Consistency in Distributed Systems and the Paxos Algorithm

Consistency in Distributed Systems and the Paxos Algorithm

Problem Description:
In a distributed system, multiple nodes need to reach consensus on a certain value (e.g., configuration, state). However, nodes may fail or the network may experience delays. How does the Paxos algorithm solve the consensus problem? Please explain its basic procedure and key design concepts.

1. Challenges of the Consensus Problem

In distributed systems, nodes need to communicate to reach consensus, but the following issues may occur:
- Node Failures (crashes but no malicious responses).
- Network Delays/Losses (message reordering or timeouts).
Goal: Even with failures, as long as a majority of nodes are alive, consensus can be reached on a proposed value, ensuring safety (consistent results) and liveness (eventual agreement).

2. Core Roles and Phases of Paxos
Paxos divides nodes into three roles:

Proposer: Receives client requests and proposes a value (with a proposal number and the value).
Acceptor: Votes on proposals and stores the agreed-upon value.
Learner: Learns the accepted value (does not participate in voting).

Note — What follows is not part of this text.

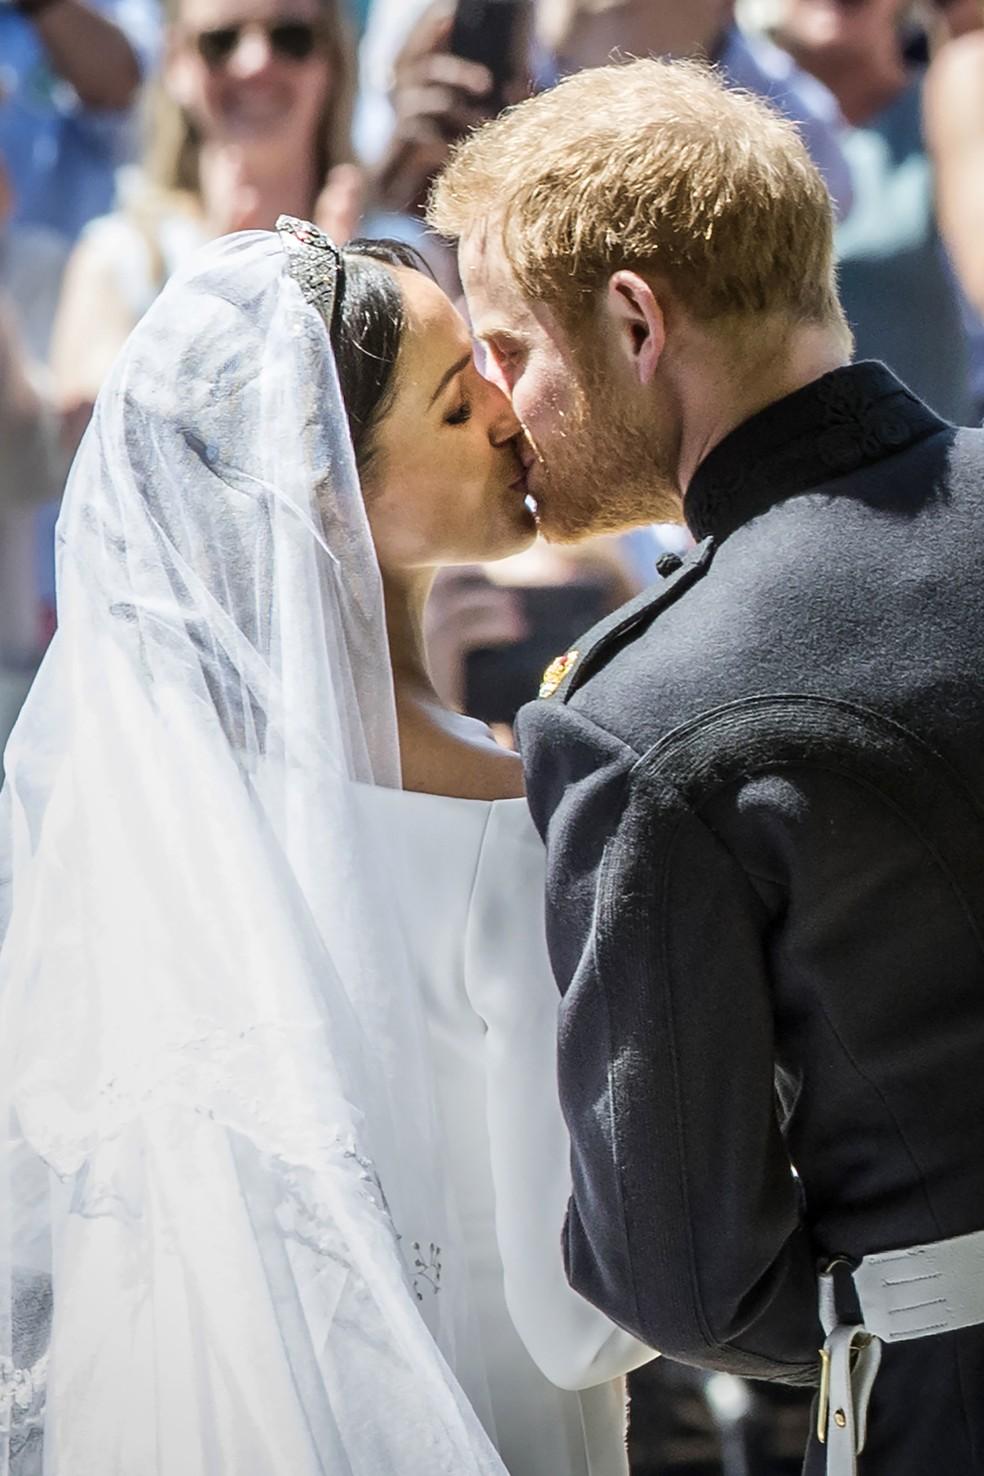 Principe Harry beija a esposa Meghan Markle (Foto: Danny Lawso/POOL/AFP)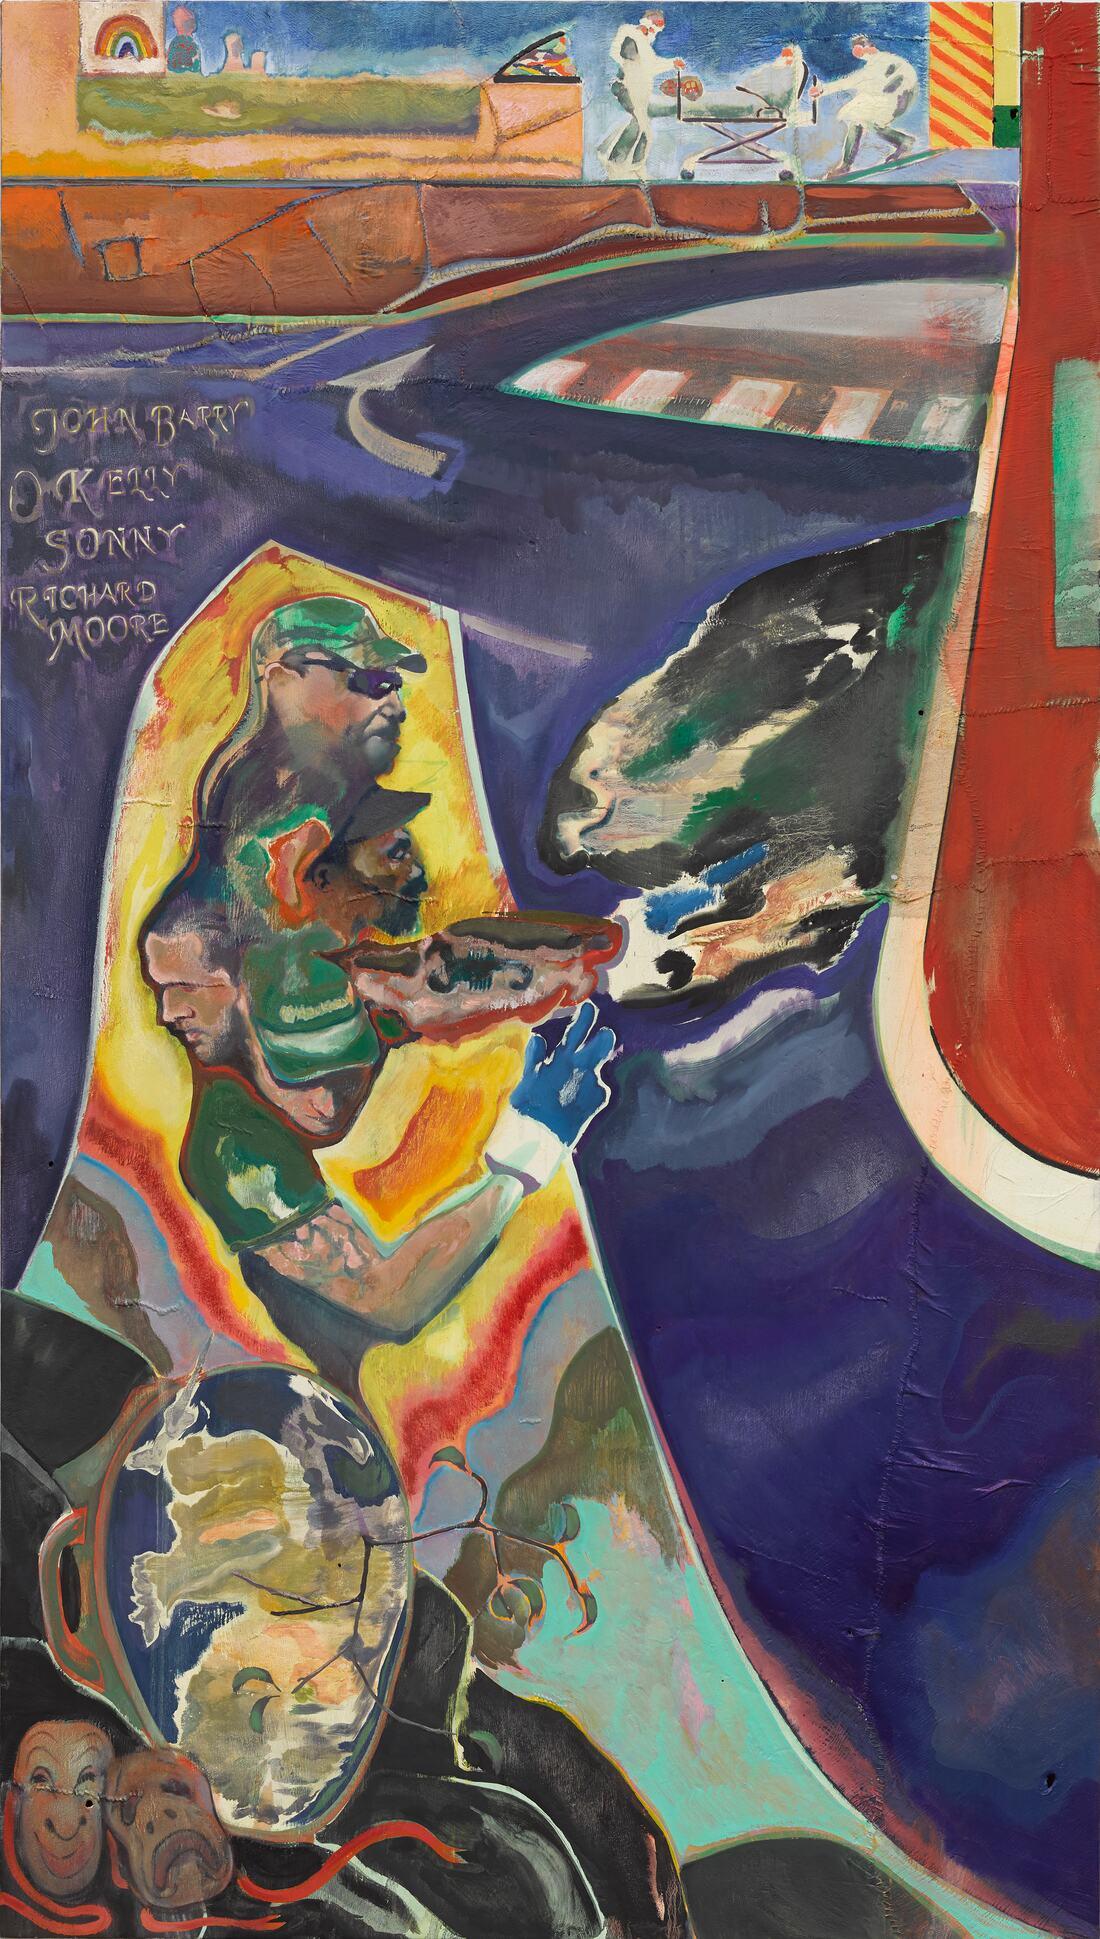 Everyday Heroes: Michael Armitage, John Barry, O Kelly, Sonny and Richard Moore, 2020. Oil on Lubugo bark cloth. Copyright the artist.

The algorithm consists of two phases:
Phase One (Prepare Phase):

The Proposer generates a globally unique proposal number n (usually containing a timestamp and node ID) and sends a Prepare(n) request to all Acceptors.
Upon receiving Prepare(n), an Acceptor:
- If n is greater than all proposal numbers it has responded to in previous Prepare requests, it promises not to accept any proposals with numbers less than n and replies with the highest-numbered proposal it has accepted (if any).
- Otherwise, it rejects the request.

Phase Two (Accept Phase):

If the Proposer receives promises for n from a majority of Acceptors, it selects a value v:
- If none of the Acceptor replies include an accepted proposal, v can be the Proposer's own value.
- Otherwise, v must be the value associated with the highest proposal number in the replies (ensuring consistency).
It sends an Accept(n, v) request to the Acceptors.
Upon receiving Accept(n, v), an Acceptor:
- If it has not promised to any request with a number greater than n, it accepts the proposal and replies.
- Otherwise, it rejects.
If the Proposer receives acceptance replies from a majority of Acceptors, the value v is chosen and propagated through the Learners.

3. Key Design Concepts

Majority Principle: Any two majorities must overlap, ensuring a unique value is chosen.
Increasing Proposal Numbers: Prevents old proposals from overwriting new decisions.
Two-Phase Locking: The Prepare phase obtains promises from Acceptors; the Accept phase ensures the value is safely written.
Livelock Handling: Multiple Proposers competing for proposal numbers may cause livelocks, which can be optimized by electing a primary Proposer (e.g., Multi-Paxos).

4. Example
Assume three Acceptors (A1, A2, A3):

Proposer P1 sends Prepare(n=1). A1 and A2 promise and reply with no historical proposals. P1 initiates Accept(n=1, v=X). A1 and A2 accept, and value X is chosen.
If P2 simultaneously sends Prepare(n=2), A3 promises, but A1 and A2 reply that they have already accepted (1, X). P2 must choose v=X for its Accept request to prevent the value from being modified.

5. Practical Applications and Variants

Paxos serves as a theoretical foundation. Common industrial variants include:
- Multi-Paxos: Elects a Leader to reduce the Prepare phase and improve efficiency.
- Raft: Simplifies Paxos logic, enhancing understandability through Leader election and log replication.

Through these steps, Paxos ensures consistency in distributed systems while tolerating failures.